- GOAL OF THE EXERCISE -
Repeat the records below exactly from the line containing "People relaxing in" to the line containing "Fall wedding color palette in red and pink", taking in both of those lines. Drop the pictures.

- GIVEN ENTRIES -

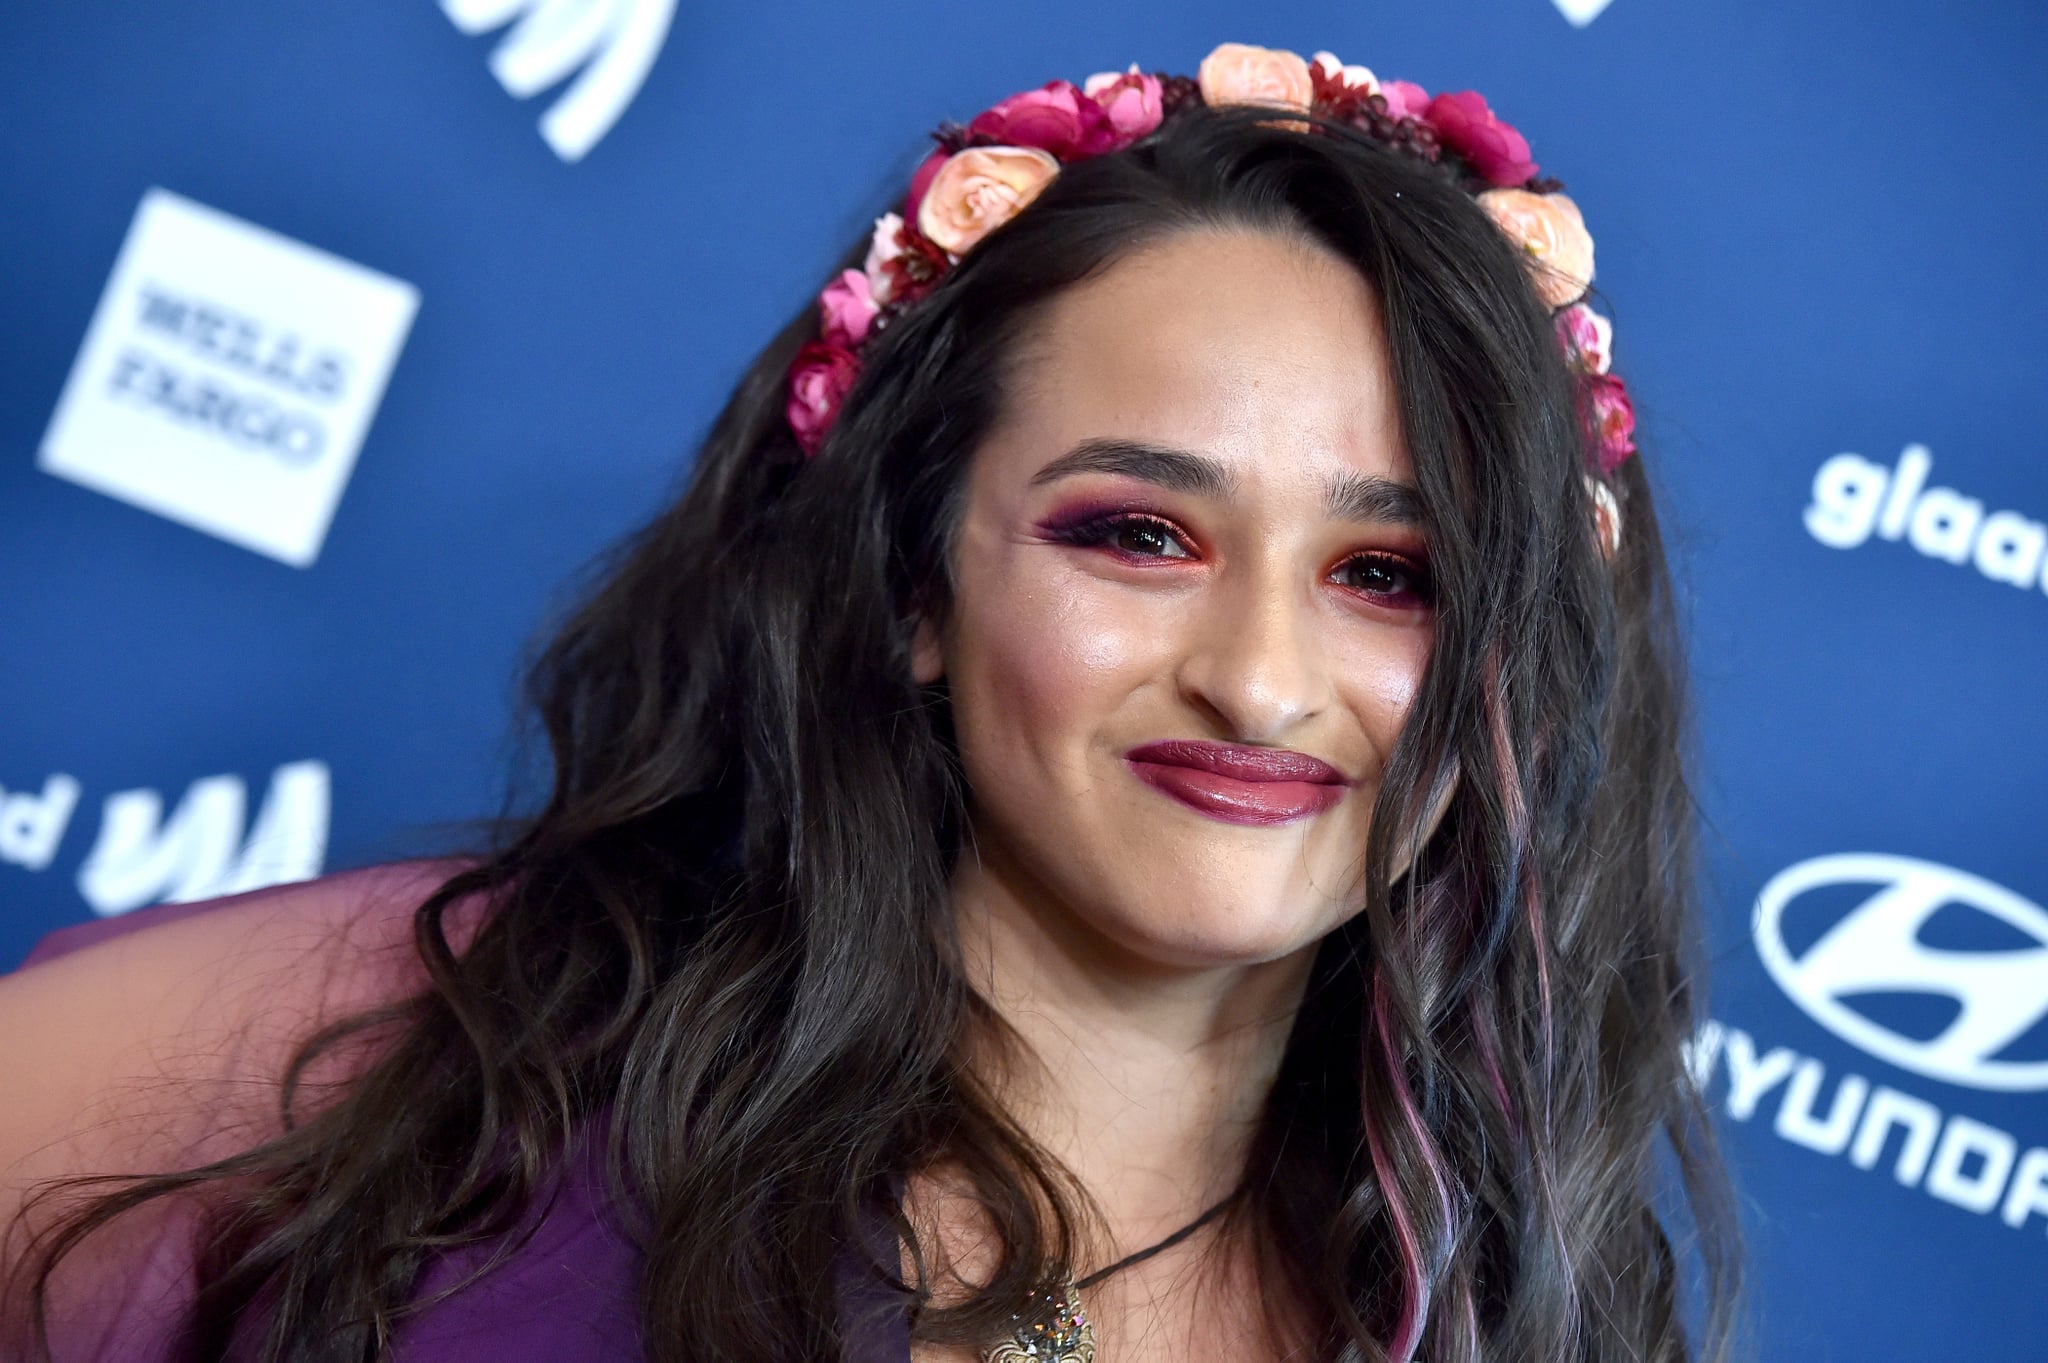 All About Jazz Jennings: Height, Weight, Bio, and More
==
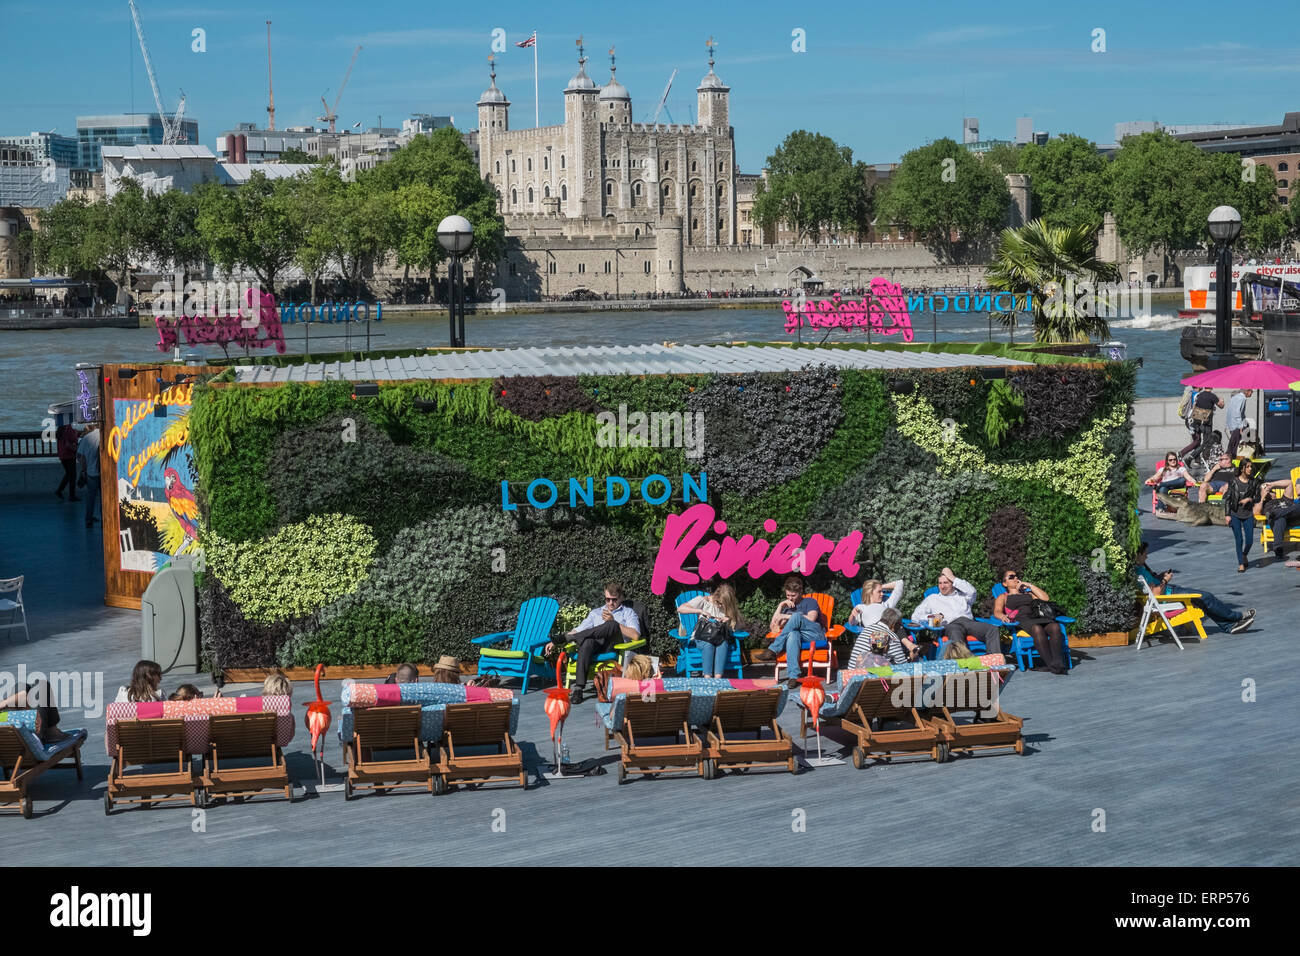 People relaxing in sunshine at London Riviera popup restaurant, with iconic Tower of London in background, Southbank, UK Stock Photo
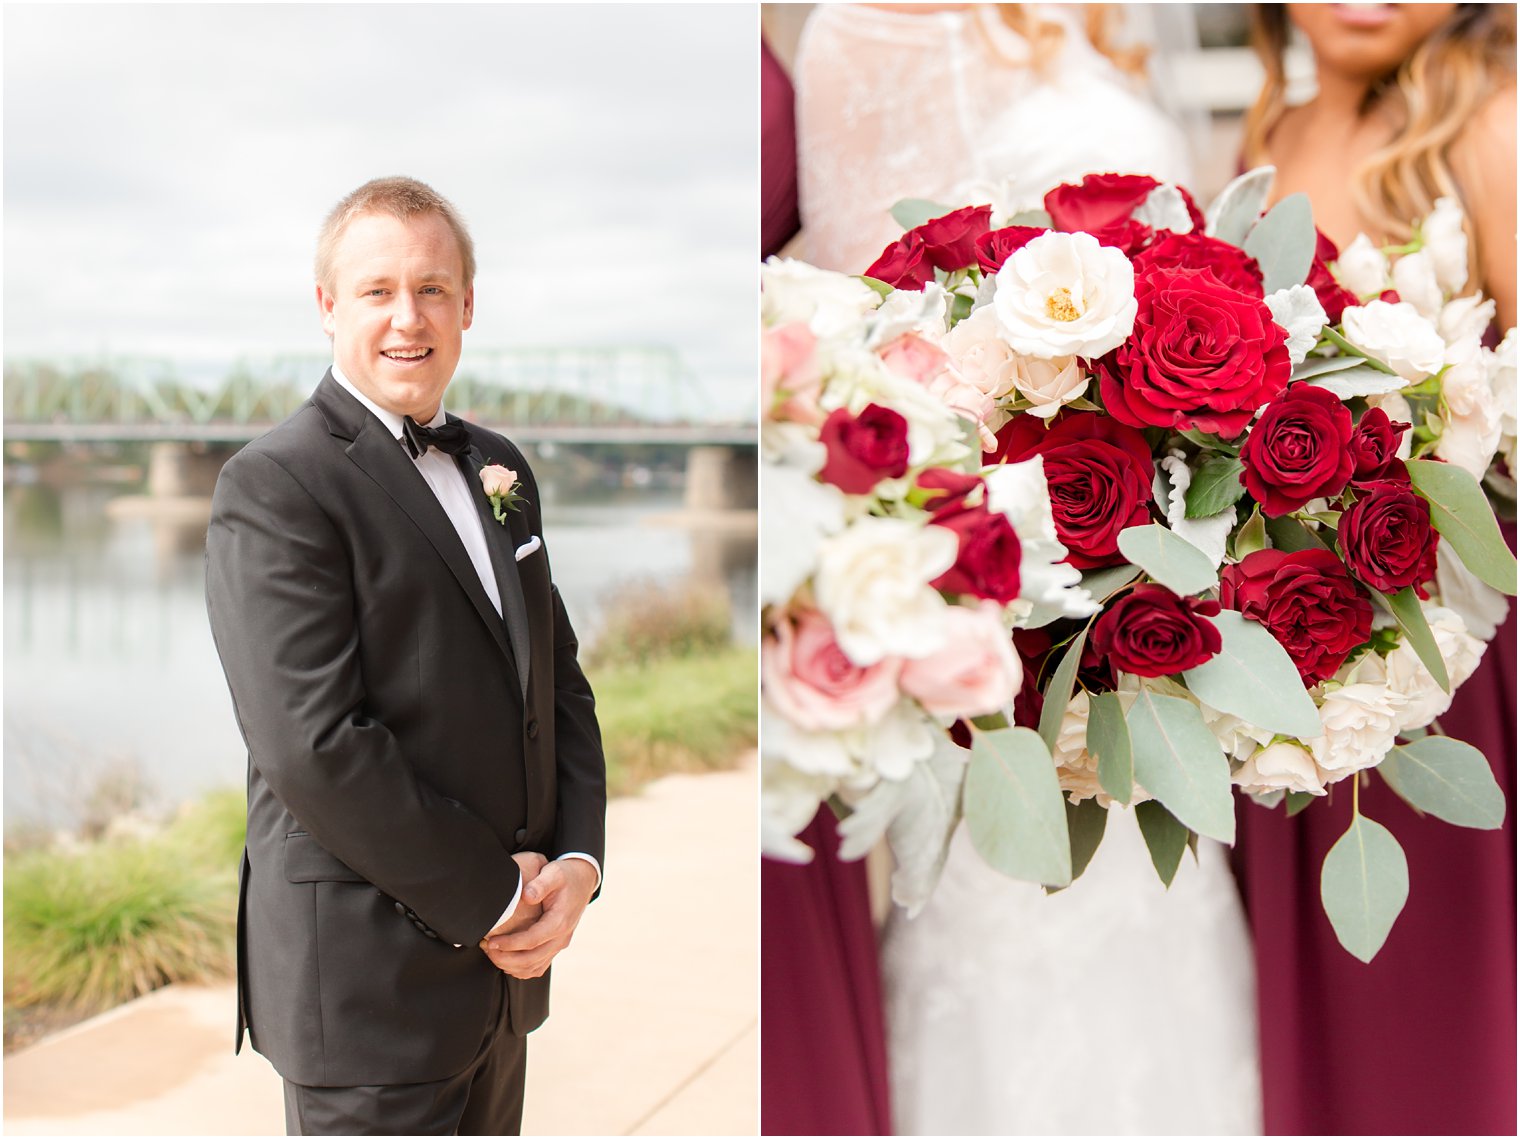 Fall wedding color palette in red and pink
---
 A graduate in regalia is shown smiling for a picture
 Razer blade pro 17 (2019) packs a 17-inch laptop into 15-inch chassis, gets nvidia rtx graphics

- RESPONSE TO THIS TASK -
 People relaxing in sunshine at London Riviera popup restaurant, with iconic Tower of London in background, Southbank, UK Stock Photo
 Fall wedding color palette in red and pink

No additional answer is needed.